In 2017, Justice Chelameswar had famously ruled that “a woman’s freedom of choice whether to bear a child or abort her pregnancy falls in the realm of privacy”. Justice RF Nariman, who was also on the bench, included the right to abort a foetus on the list of “a large number of privacy interests”.
Even in the absence of a criminal section or recognition of an offence, the healthcare needs and traumas of survivors continue to be real. “This judgment recognises this distinction so well.
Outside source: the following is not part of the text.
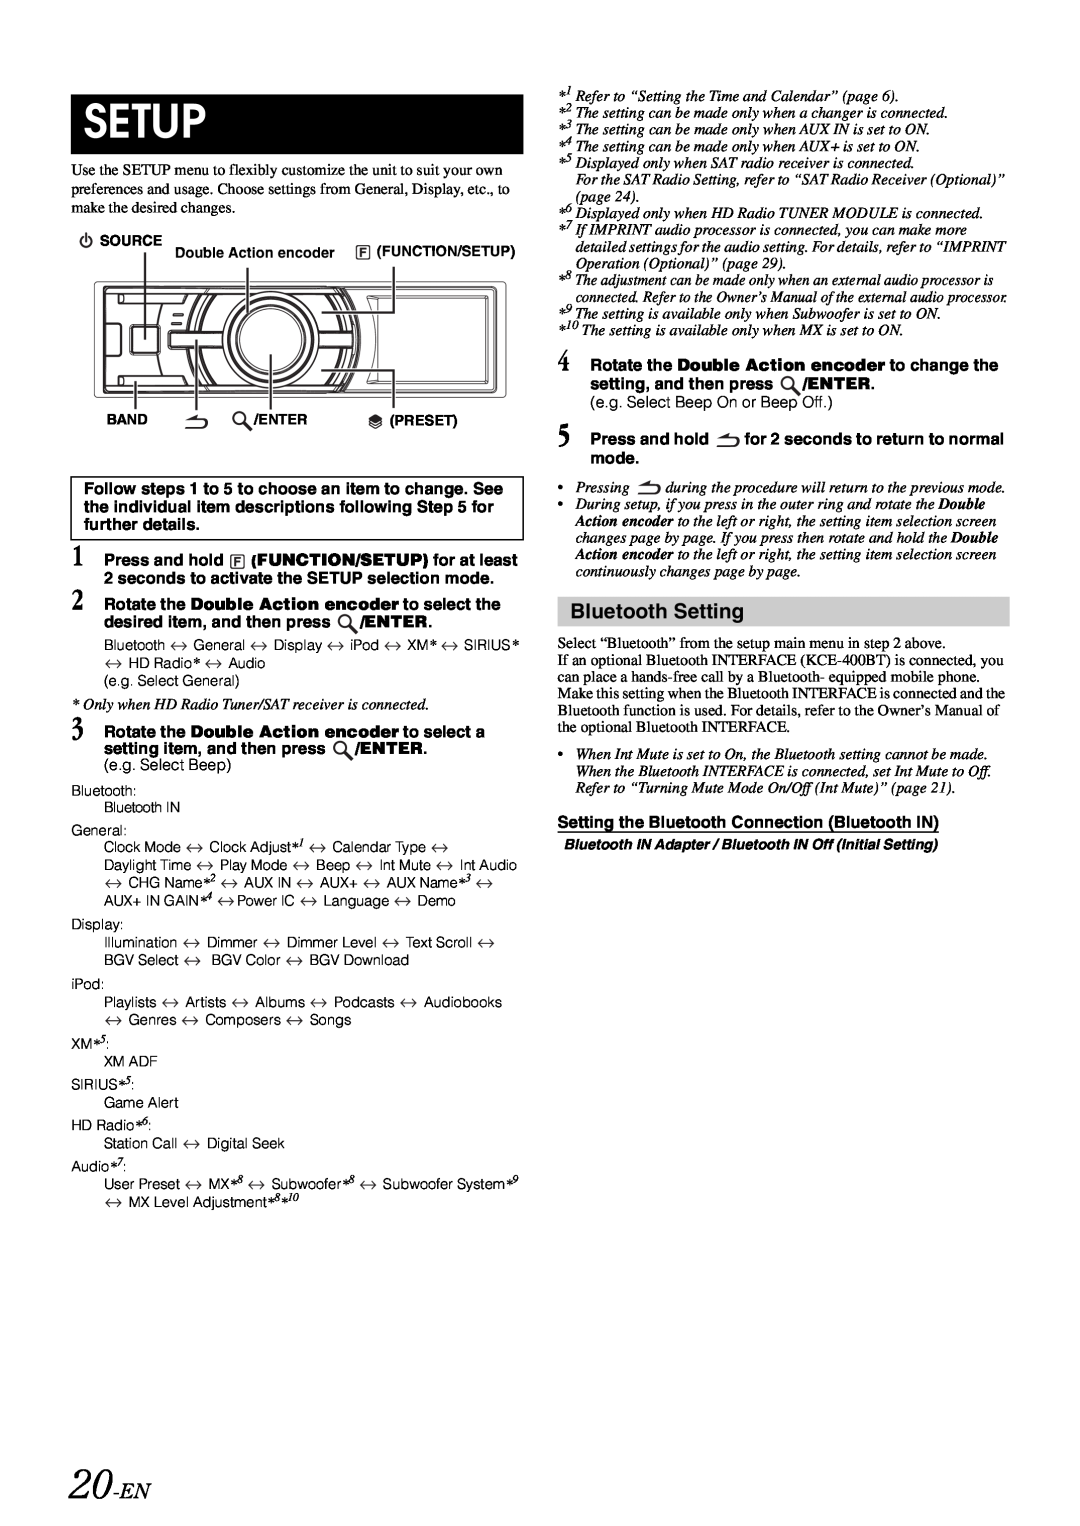 Alpine iDA-305 owner manual Setup, 20-EN, Bluetooth Setting

Just because a survivor of sexual assault cannot initiate a criminal proceeding against their perpetrator, it does not mean they are not entitled to even receive care and support to overcome the health impacts of that assault,” said Fatima.
The order directs doctors to refrain from asking women to get husband's consent or bringing other members of family even when she is an adult woman. “Only her consent is material and should matter. Doctors should let go of imposing these 'extra legal' conditions as observed by the court,” noted Fatima.
Several doctors and experts had earlier pointed out that the MTP Act and the Protection of Children from Sexual Offences Act, 2012 (POCSO), which criminalised adolescence sexuality, were not compatible. If a teenaged pregnant girl goes to a doctor for an MTP, the doctor is obliged to inform the police.
Now, the judgement clarifies that though there is mandatory reporting under the POCSO Act, if the pregnancy stems out from consensual sexual activity and if a request is made by either the guardian or the minor to not reveal the identity of the person, then the doctor, while reporting the MTP, is not bound to report the details of the pregnant person.
“This makes a huge difference because it acknowledges there is consensual sexual activity happening between minors even though the law looks at it as an offence. Therefore, access to abortion should not become a problem because of the mandatory reporting. This clarification is fantastic,” said Rastogi, who has authored a report on women’s access to safe abortions.